Officially, the students are part of the Jefferson City High School Class of 2013 and will cross the stage with their peers in May. But Thursday was a chance for an exuberant JCAC-style celebration.
"This is our own celebration, so (the seniors) can be recognized," explained JCAC Principal Deann Fischer. "We put our own spin on it."
When Steffon Barton bounded to the stage, it was with fists upraised.
Afterward, he said it's a "wonderful feeling" to know he's going to graduate.
"Everybody was down on me. They didn't think I could get anywhere. Looks like I got somewhere," he said.
Senior Brooklynn Stevenson told listeners that "each of us had a different story."

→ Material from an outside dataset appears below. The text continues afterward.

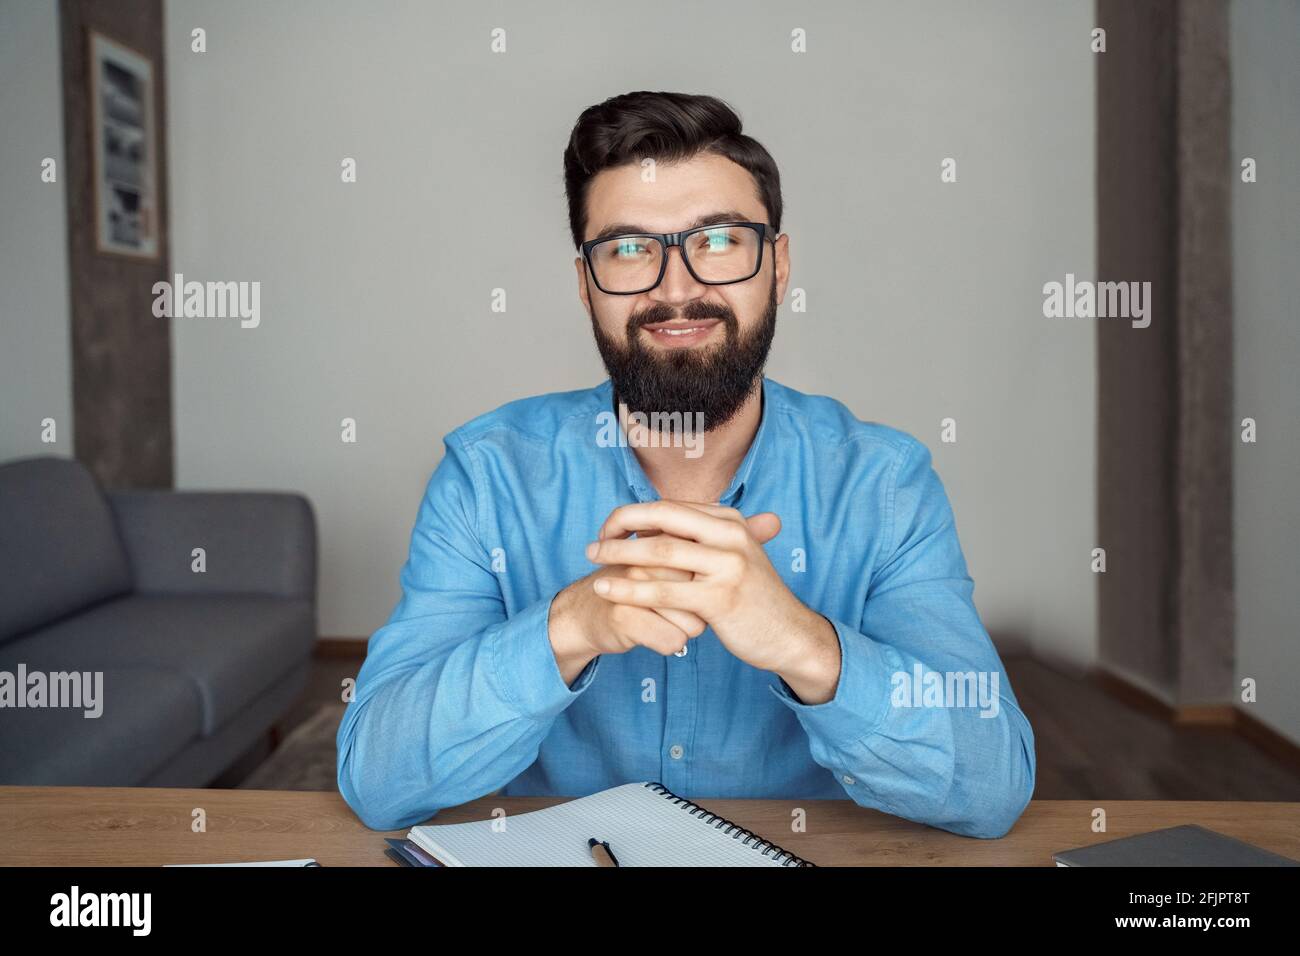 Homme intelligent indépendant en lunettes regardant la caméra pendant qu'il est assis au bureau Banque D'Images

"And we needed somebody different ... somebody who would think about our future and not our past," she said.
First impressions are not forever, she reminded listeners. "You must always have faith in people. And more importantly, you must have faith in yourself," she said.
Robert Taylor-Bey said before he got to JCAC he was perceived by others as an angry, disrespectful kid with no future.
"This school has become a home away from home, a place where I feel both accepted and respected," he said. "Here we all contribute to the success of our school and each other."
He was also one of the kids who thanked Fischer for her work at the school, and presented her with a bouquet.
"She's the greatest principal in the world," he told the gathering of parents and teachers. "We've never had a better principal. We love you, Dr. Fischer."